Wird diesmal alles besser? Zweimal schickte Paramount Angelina Jolie als Lara Croft auf Abenteuerreise. War der erste Film noch ein Erfolg, so war die Fortsetzung doch ein Desaster. Leider kam keiner der beiden Filme qualitativ auch nur im Ansatz an die Spielereihe heran.

Jetzt ist mit dem Tomb Raider Reboot ein Neustart der Reihe geplant und schon bei den Autoren will man alles besser machen. So soll das oscarnominierte Autorenteam Mark Fergus und Hawk Ostby ein Drehbuch schreiben. Zu den früheren Werken von Mark Fergus und Hawk Ostby gehören nicht nur Iron Man, sondern auch der in diesem Jahr kommende Cowboys und Aliens Film. Da auch die Spielereihe derzeit einer Frischzellenkur unterzogen wird, könnten Spiel und Film hier wohlmöglich Hand in Hand gehen.

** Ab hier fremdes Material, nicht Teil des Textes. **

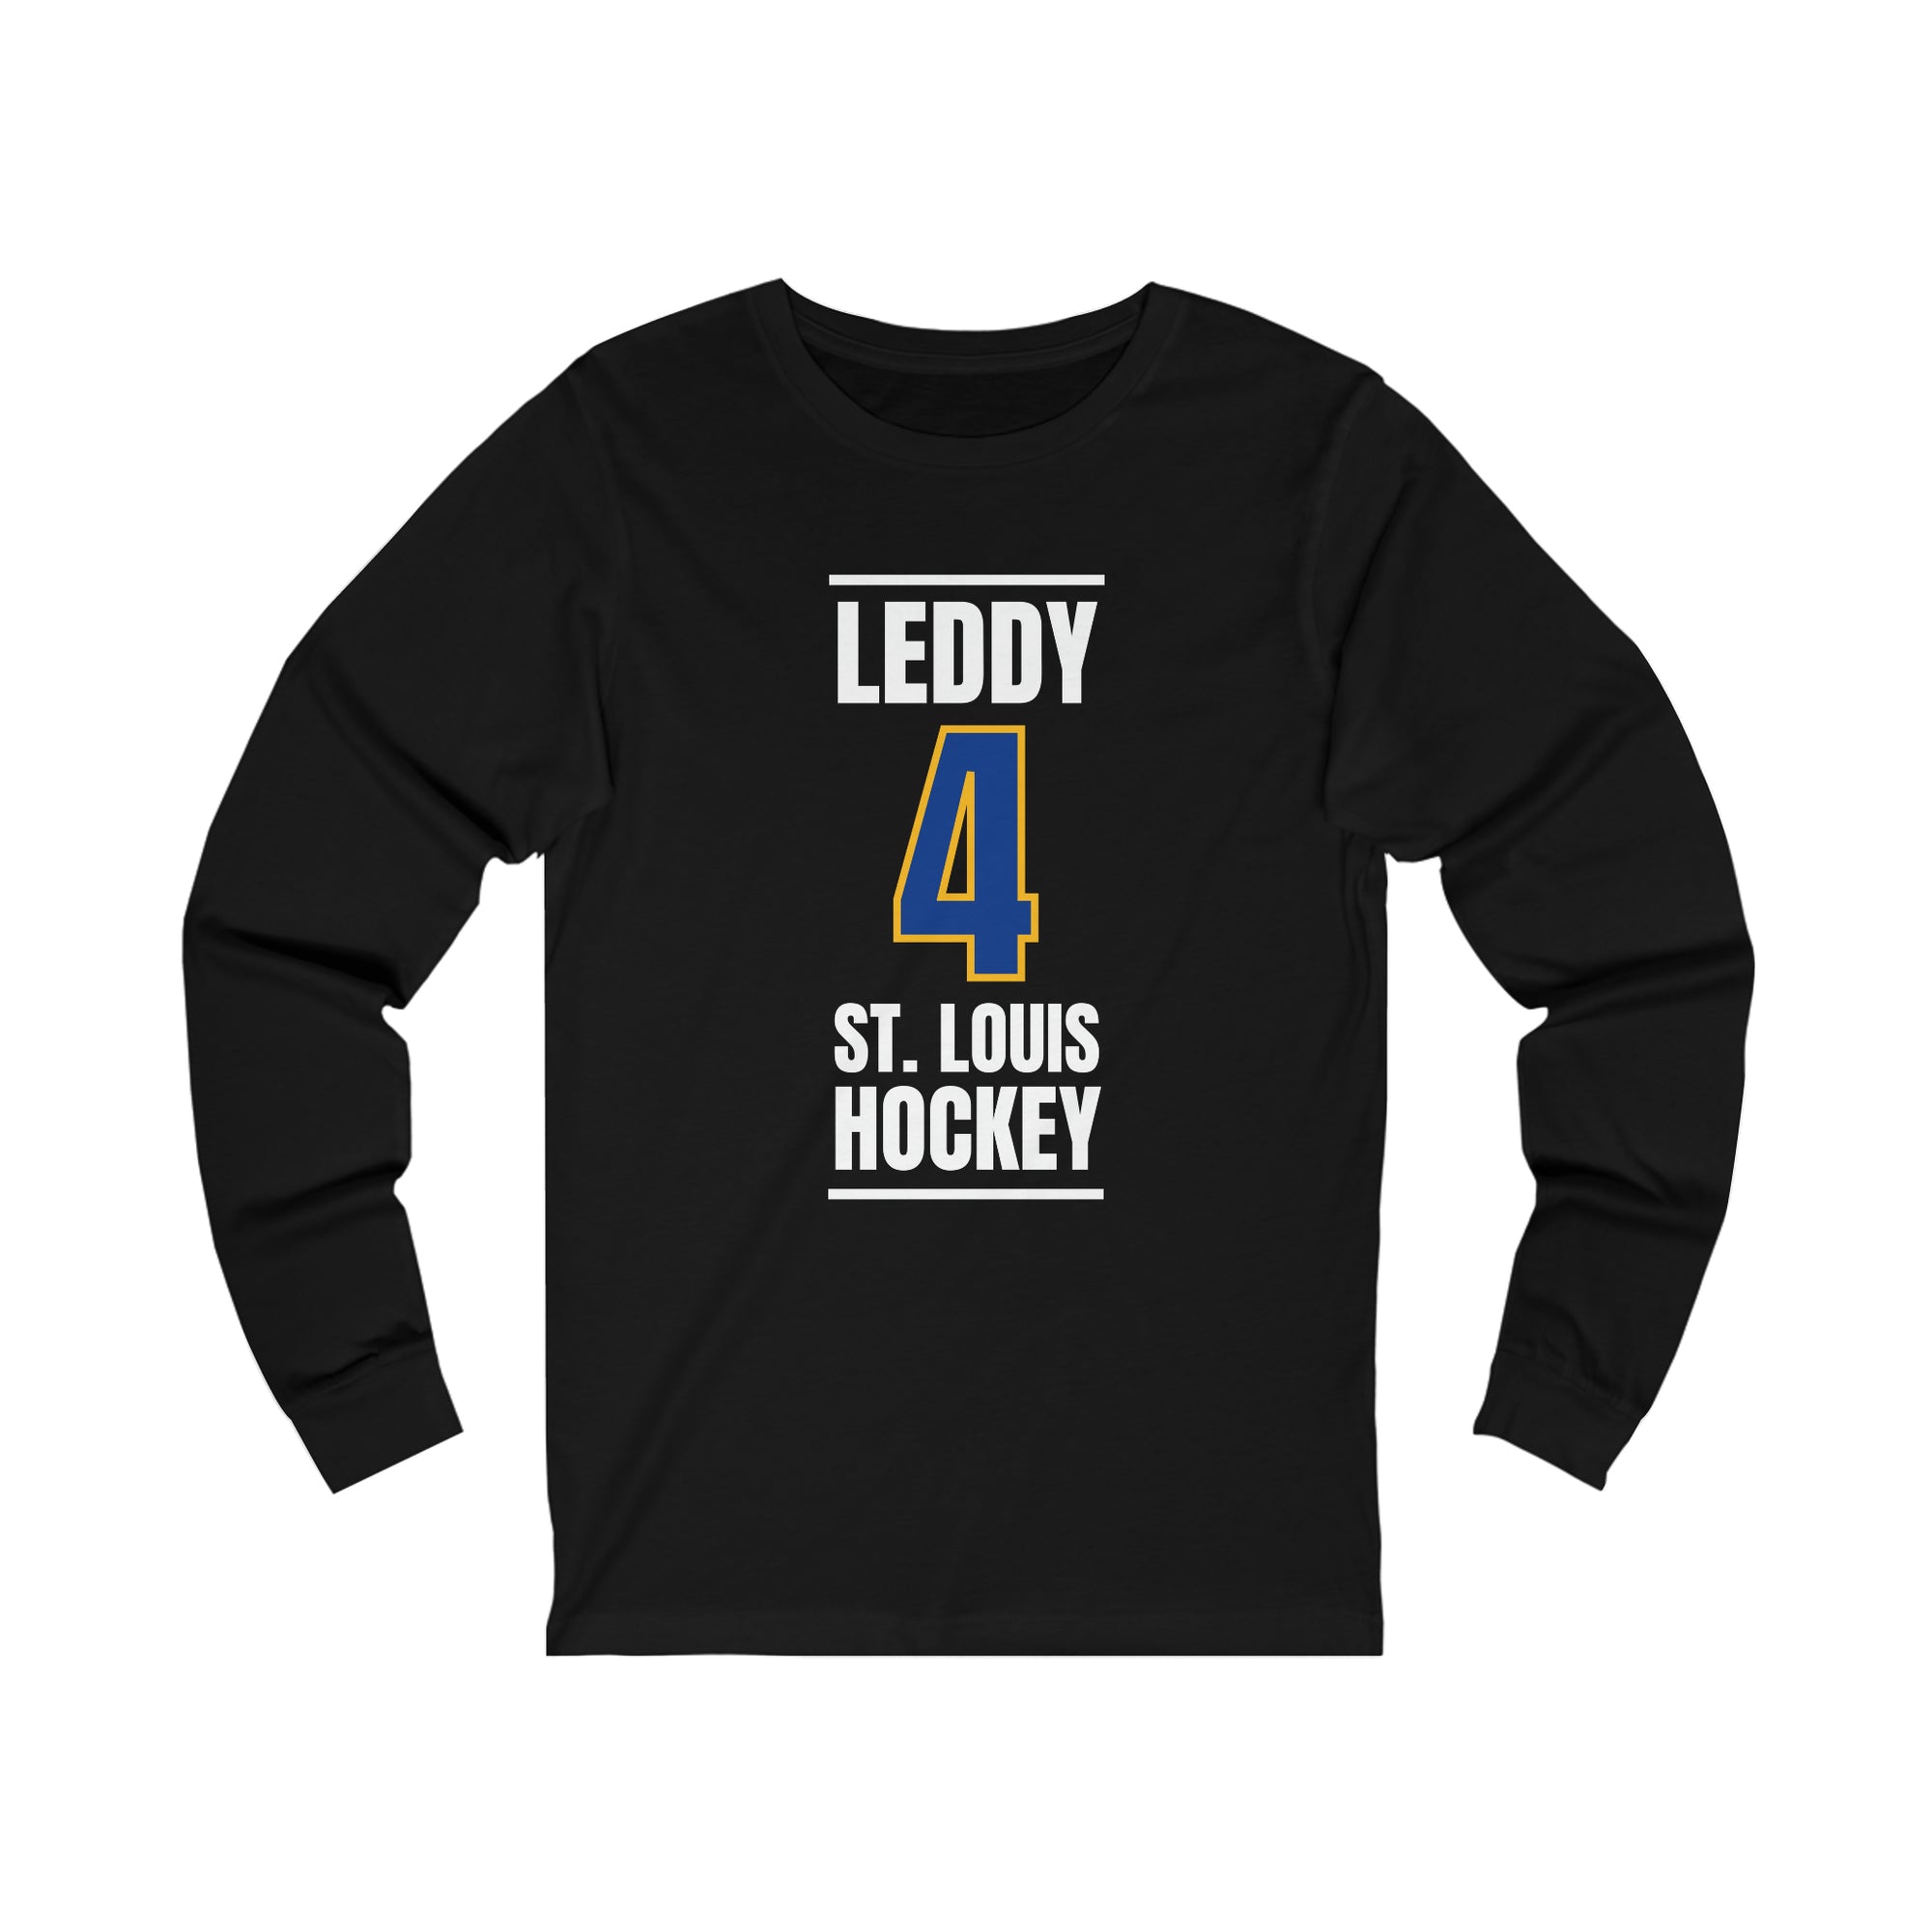 Leddy 4 St. Louis Hockey Blue Vertical Design Unisex Jersey Long Sleeve Shirt
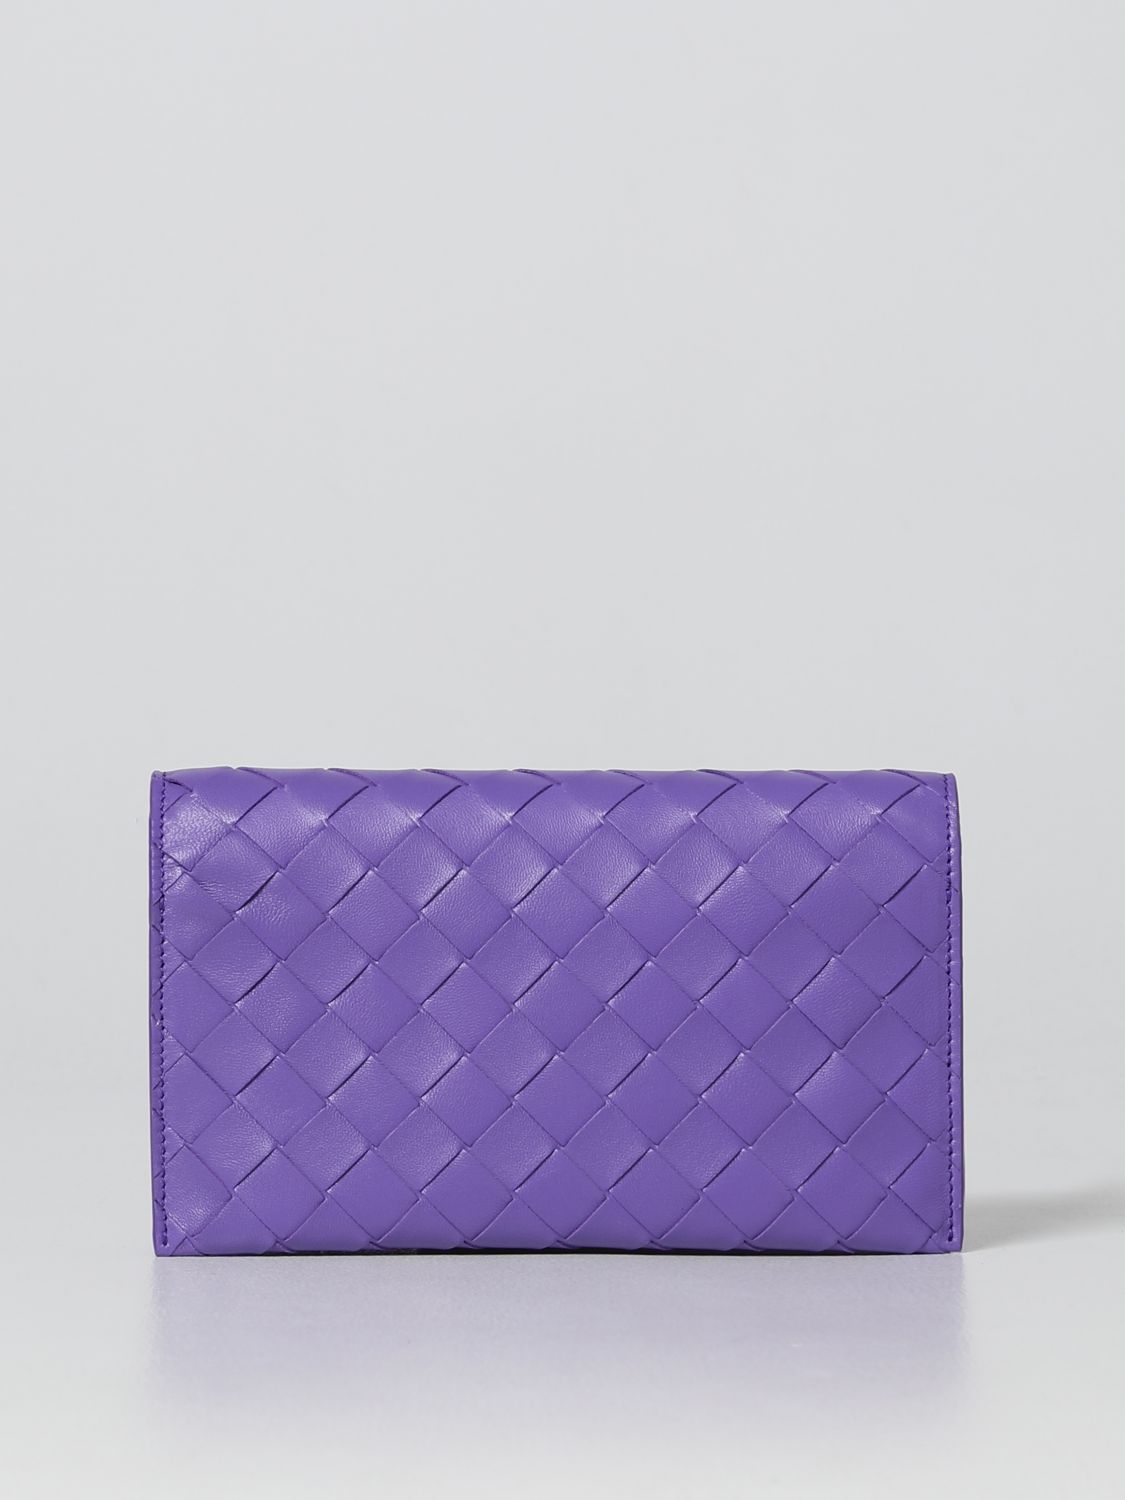 Bottega Veneta Purple Woven Leather Point Shoulder Bag Bottega Veneta

Das erste Tomb Raider Spiel erschien übrigens Ende 1996 und wir erinnern uns noch gern an diese Zeit zurück, als wir mit Lara Höhlen und Kavernen untersuchten, während wir Atlantis auf der Spur waren. Vielleicht schafft es der Tomb Raider Reboot diese Atmosphäre wieder zu wecken.


*Gruss Gollum*


----------



## Spezi30 (12 Mai 2011)

dass die ohne Jolie ist, ist schon mal mit die beste Nachricht der letzten fünf Jahre :WOW:


----------



## Flaming Sword (21 Mai 2011)

Am liebsten wäre mir folgende Schauspielerin:

Julia Benson - IMDb







Wenn man die ersten paar Spiele berücksichtigt, hätte sie die richtigen Formen.


----------



## wergoatlord (10 Apr. 2015)

thank you the movie pc game is also good


----------



## mystique (26 März 2016)

Love the game! (Still had the picture of Angelina Jolie everytime I think of Tomb Raider.. )


----------



## btvs87 (17 Okt. 2016)

loved the films, hope these are good too


----------



## zerocool77 (26 Apr. 2017)

Mal sehen wie sich Alicia Vikander macht die Filme mit ihr waren immer ganz gut.


----------



## 24th (5 Mai 2018)

zerocool77 schrieb:


> Mal sehen wie sich Alicia Vikander macht die Filme mit ihr waren immer ganz gut.



Kann ich nur zustimmen!!!


----------